**ACTIVITY:** Output every line of the material exactly, omitting images.

**DATASET CONTENT:**
--- START ---
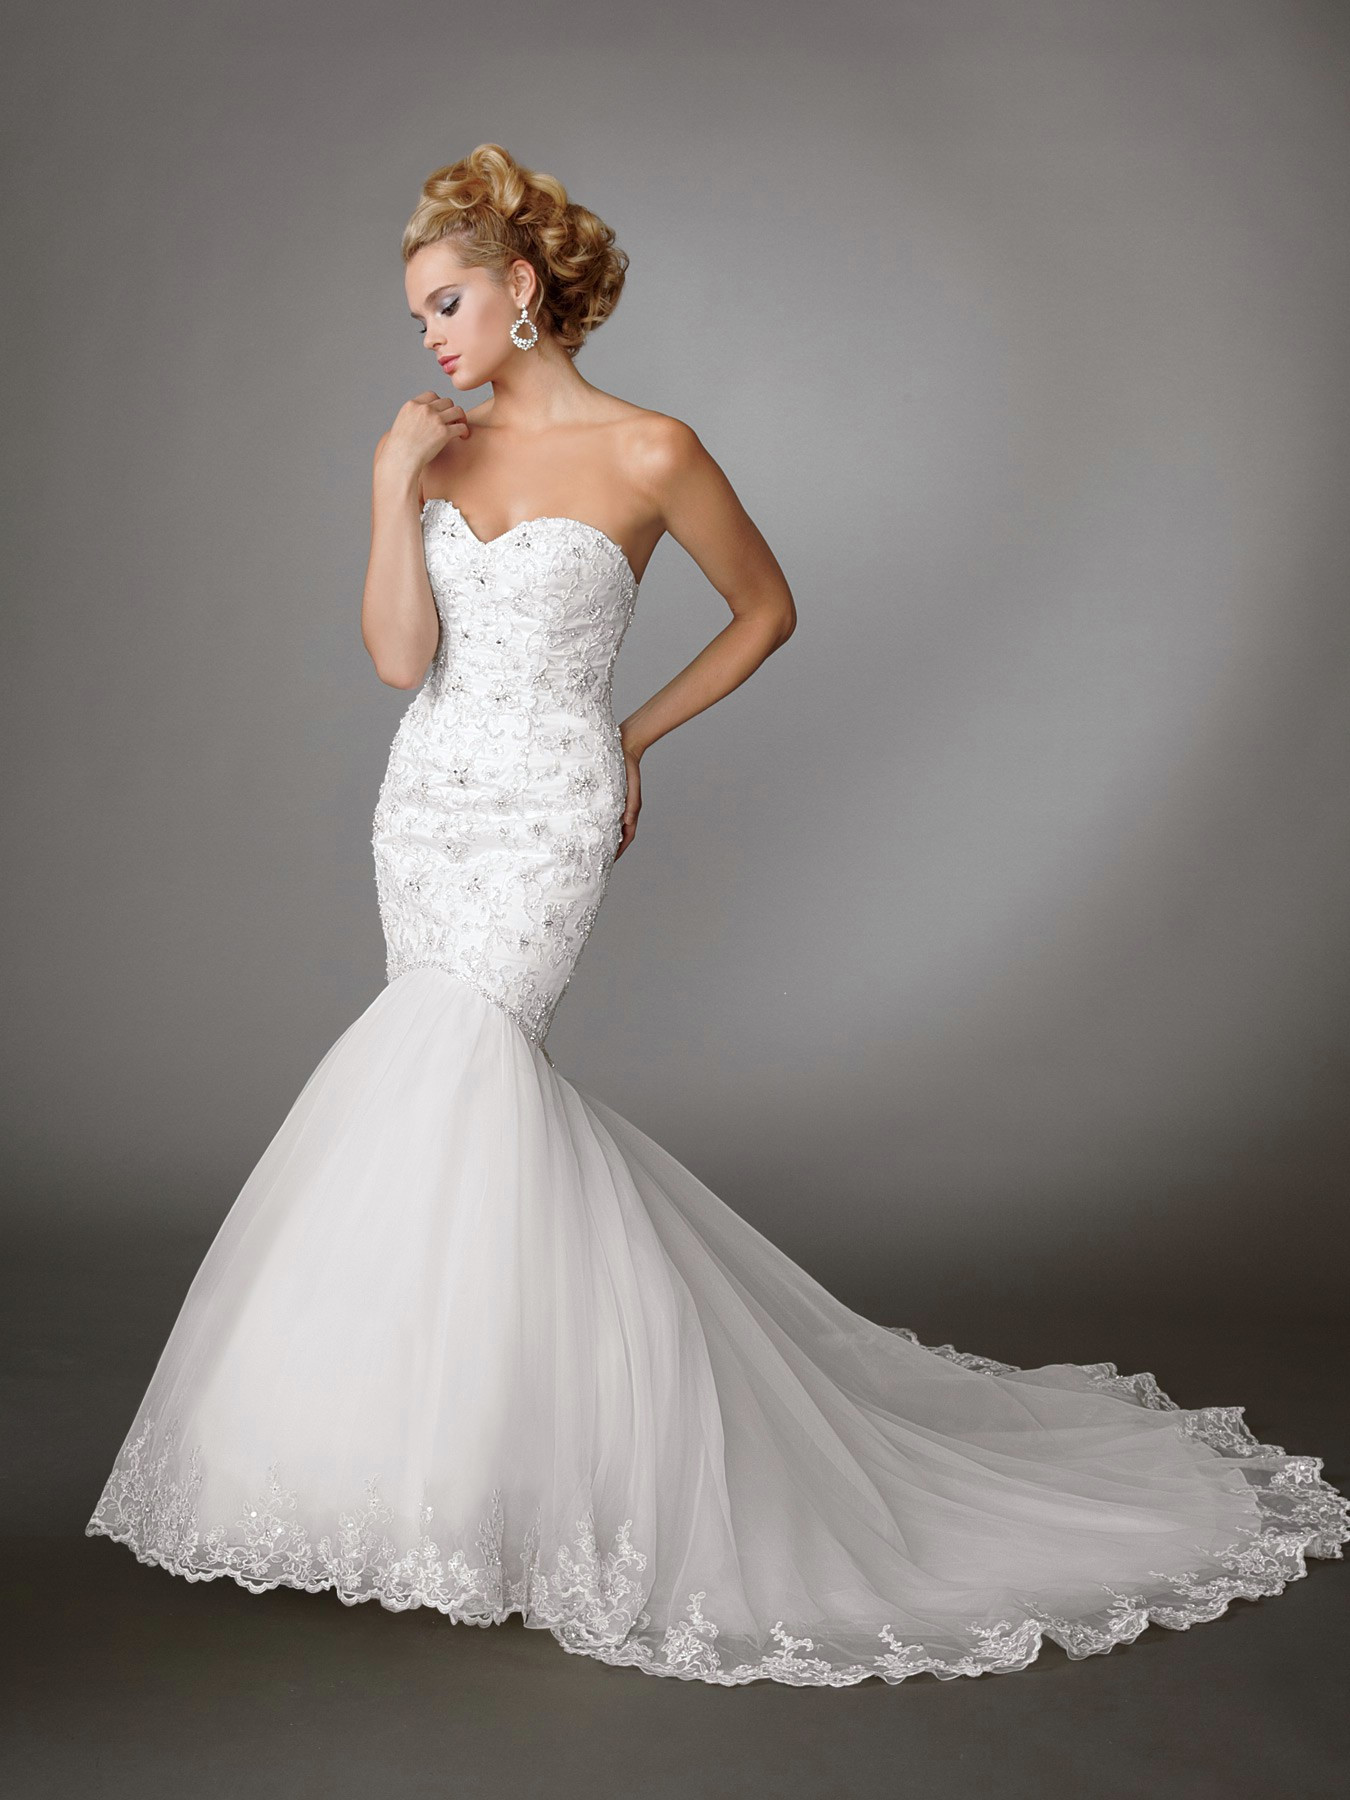 Mermaid Dress Wedding
 Mermaid Wedding Dresses – An Elegant Choice For Brides
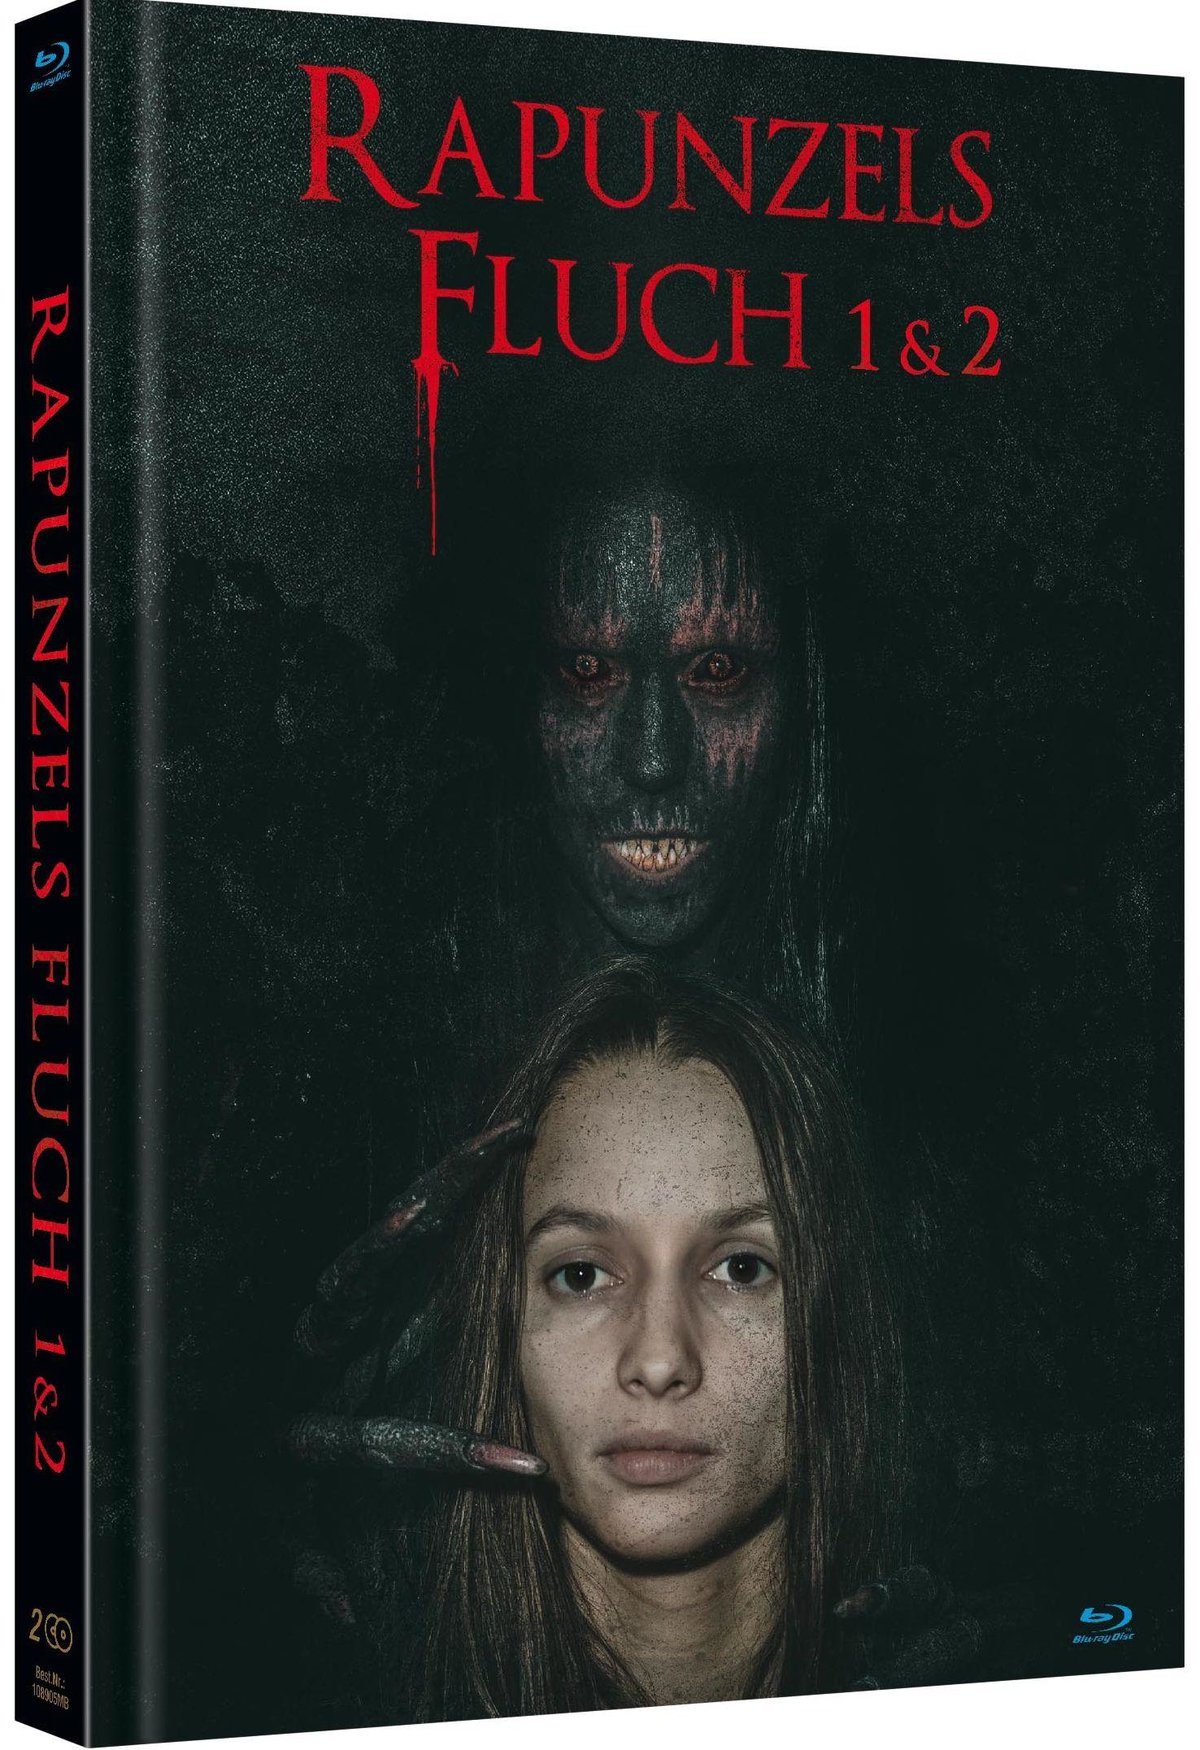 Rapunzels Fluch 1+2 - Uncut Mediabook Edition (DVD+blu-ray) (A)
--- END ---
**RESULT OF THE EXERCISE:**
 Mermaid Dress Wedding
 Mermaid Wedding Dresses – An Elegant Choice For Brides
 Rapunzels Fluch 1+2 - Uncut Mediabook Edition (DVD+blu-ray) (A)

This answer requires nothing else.